EXERCISE OBJECTIVE >> Below are some records. Retype exactly the lines from the one containing "Vektor Illustration Afrikanischen" through the one containing "لوحة فنية منشور", both included, skipping every picture.

WORKING DATA >>
BEGIN

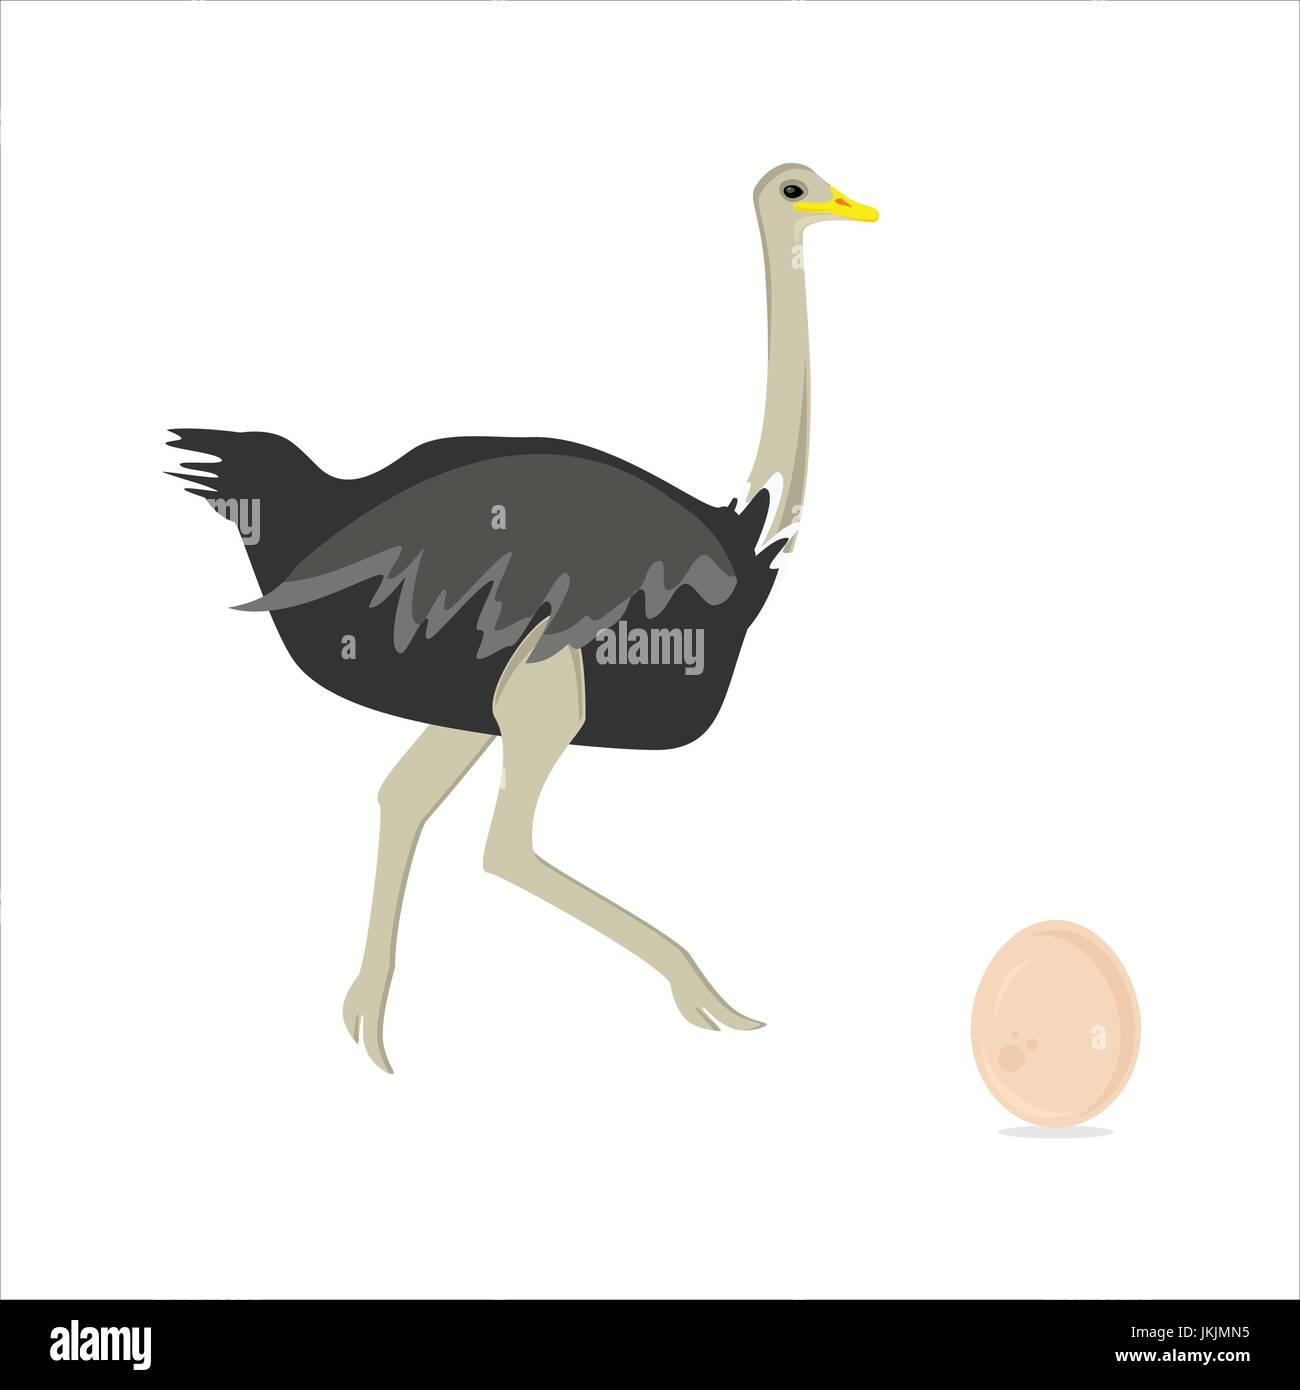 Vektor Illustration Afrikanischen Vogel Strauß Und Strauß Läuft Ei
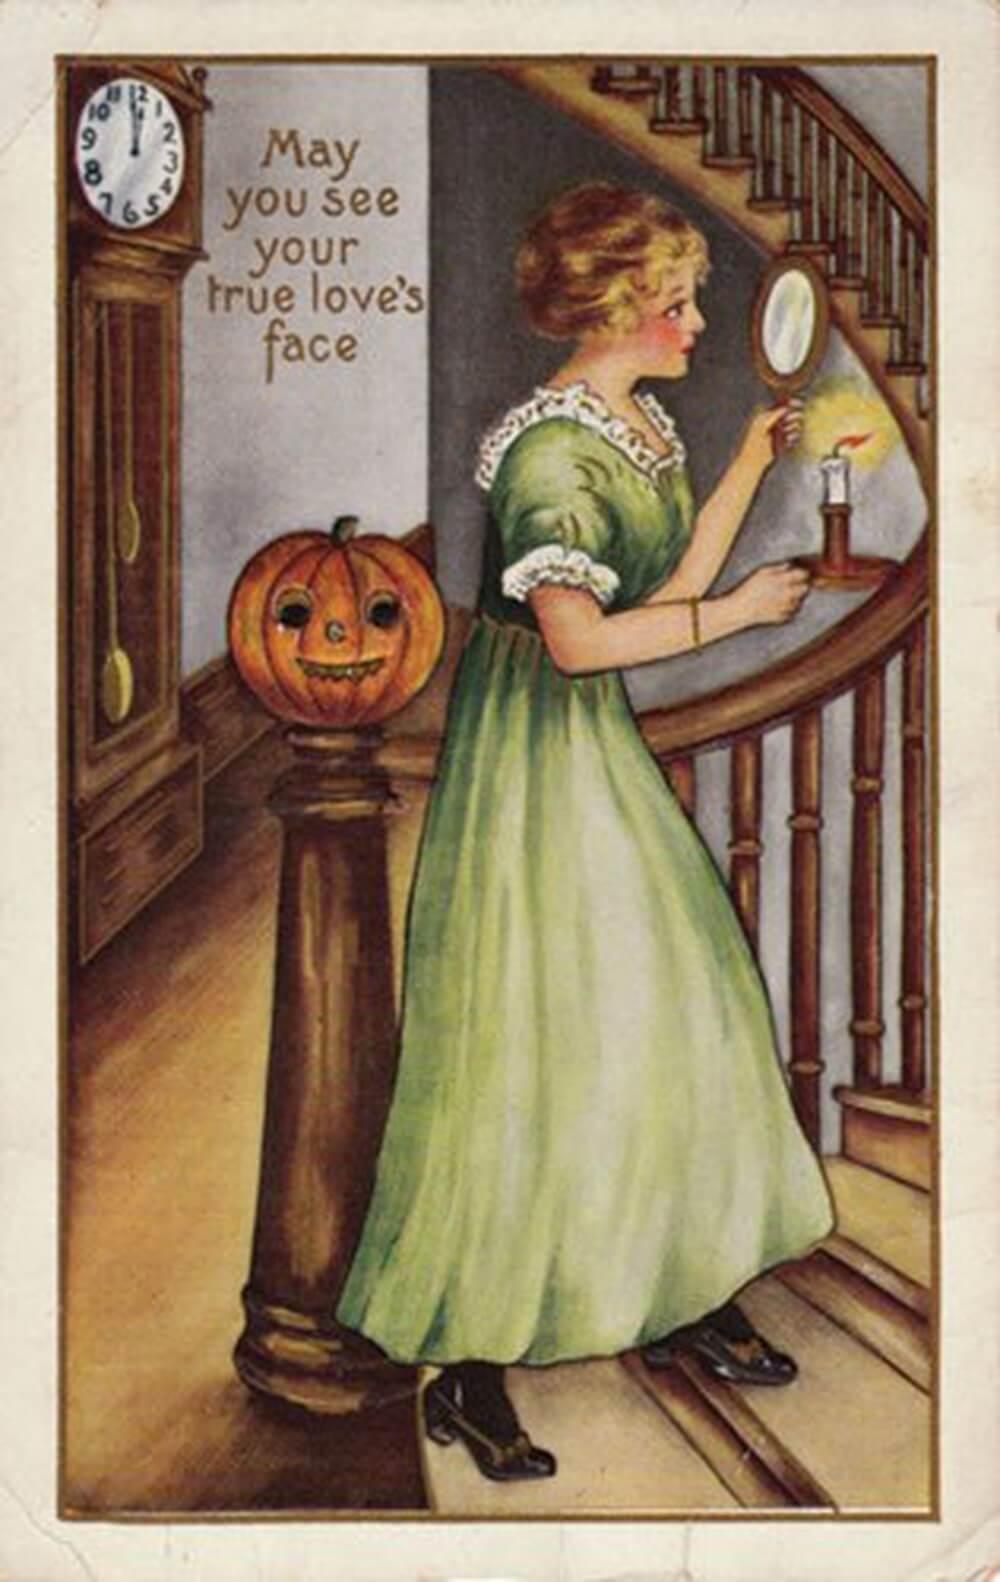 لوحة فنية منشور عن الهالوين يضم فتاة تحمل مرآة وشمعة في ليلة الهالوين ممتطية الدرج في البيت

END
BEGIN

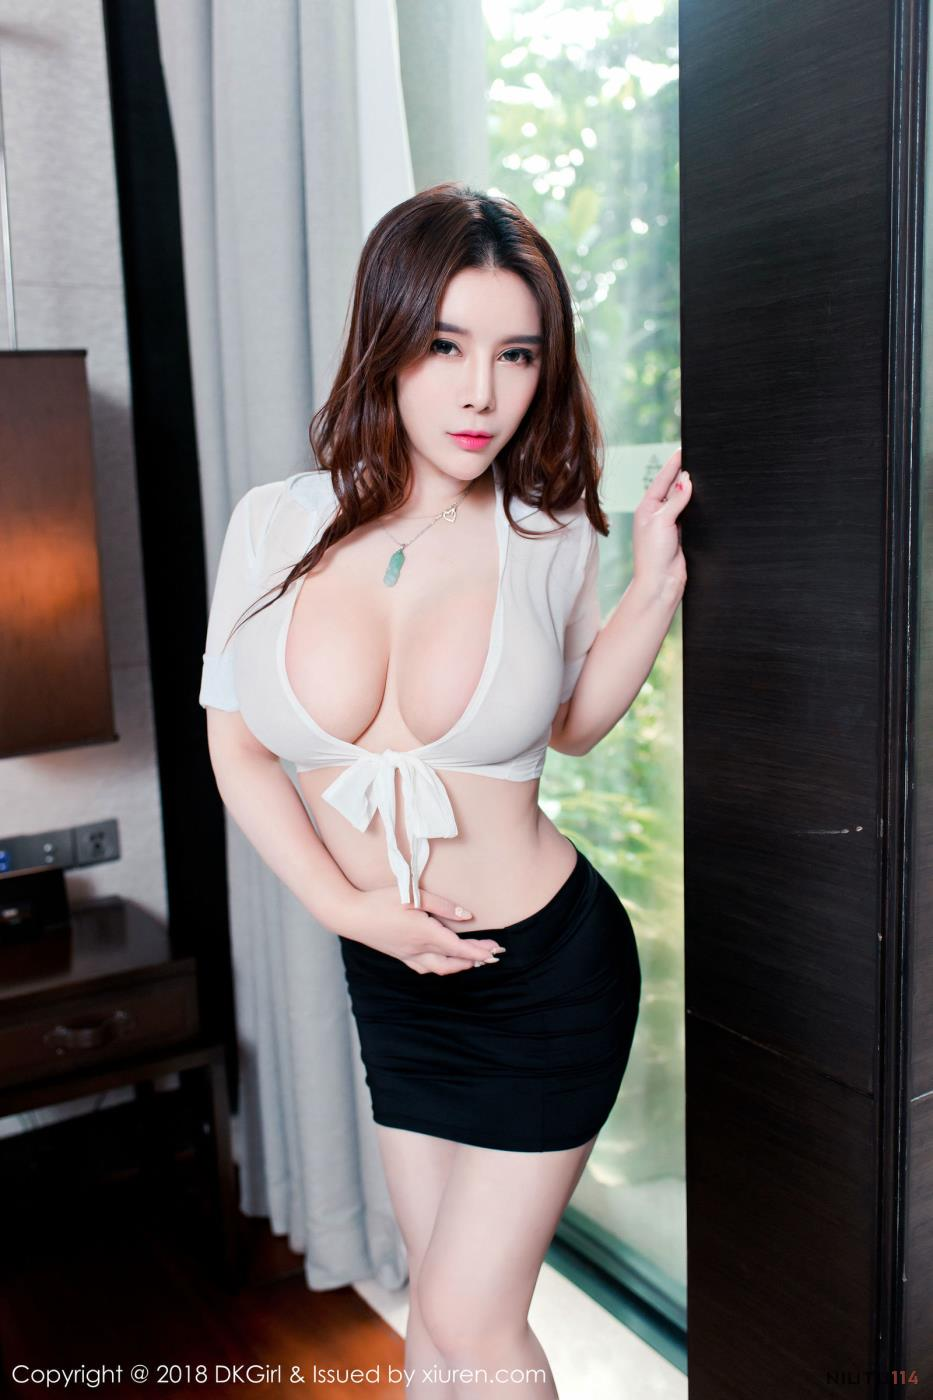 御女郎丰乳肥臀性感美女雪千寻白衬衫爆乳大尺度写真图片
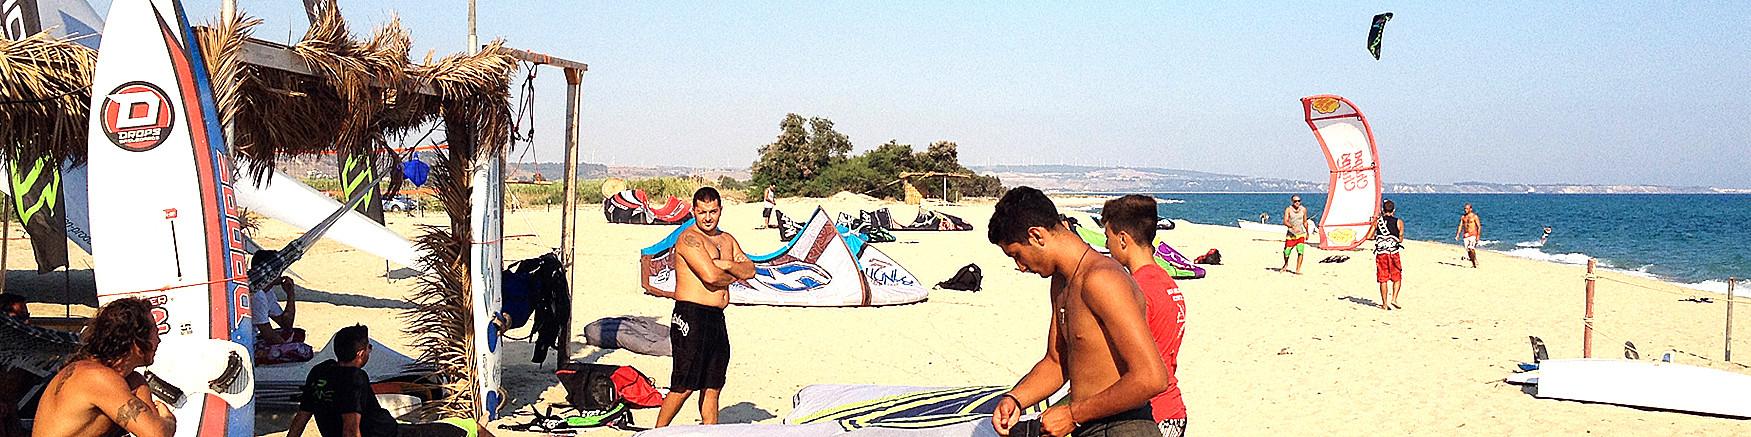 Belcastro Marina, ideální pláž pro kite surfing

END
BEGIN

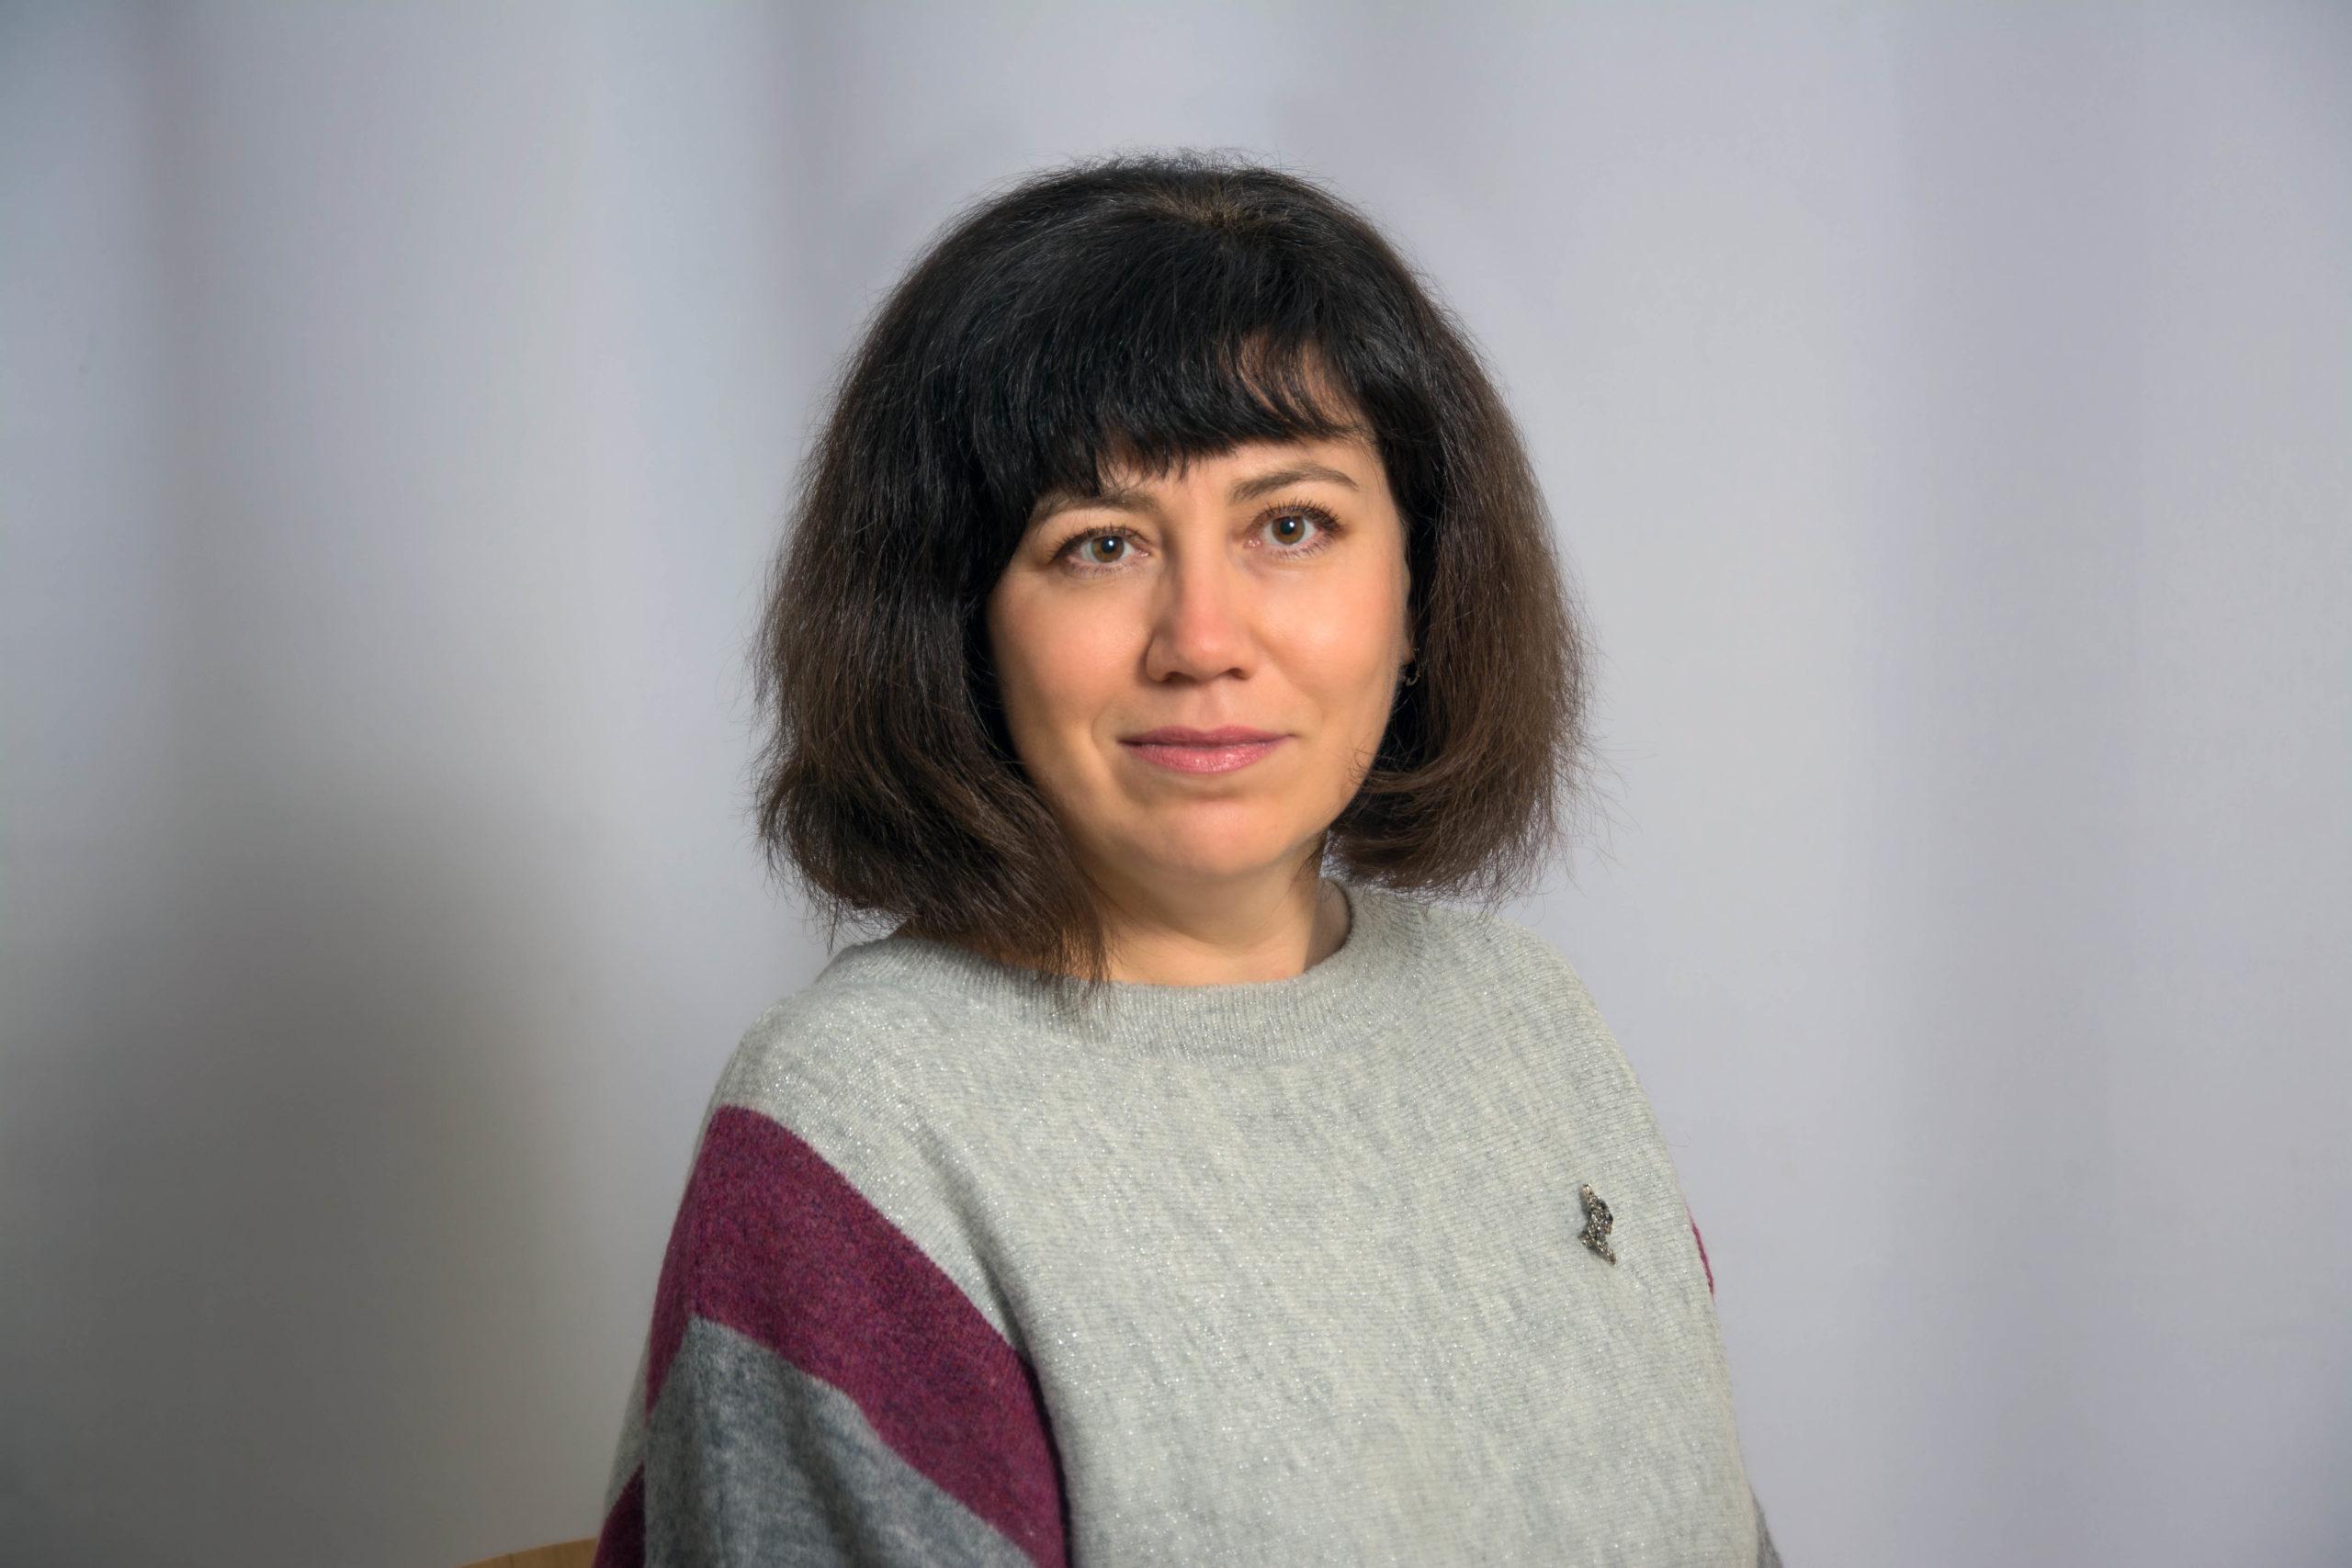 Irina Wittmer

END

RESULT OF THIS EXERCISE >>
 Vektor Illustration Afrikanischen Vogel Strauß Und Strauß Läuft Ei
 لوحة فنية منشور عن الهالوين يضم فتاة تحمل مرآة وشمعة في ليلة الهالوين ممتطية الدرج في البيت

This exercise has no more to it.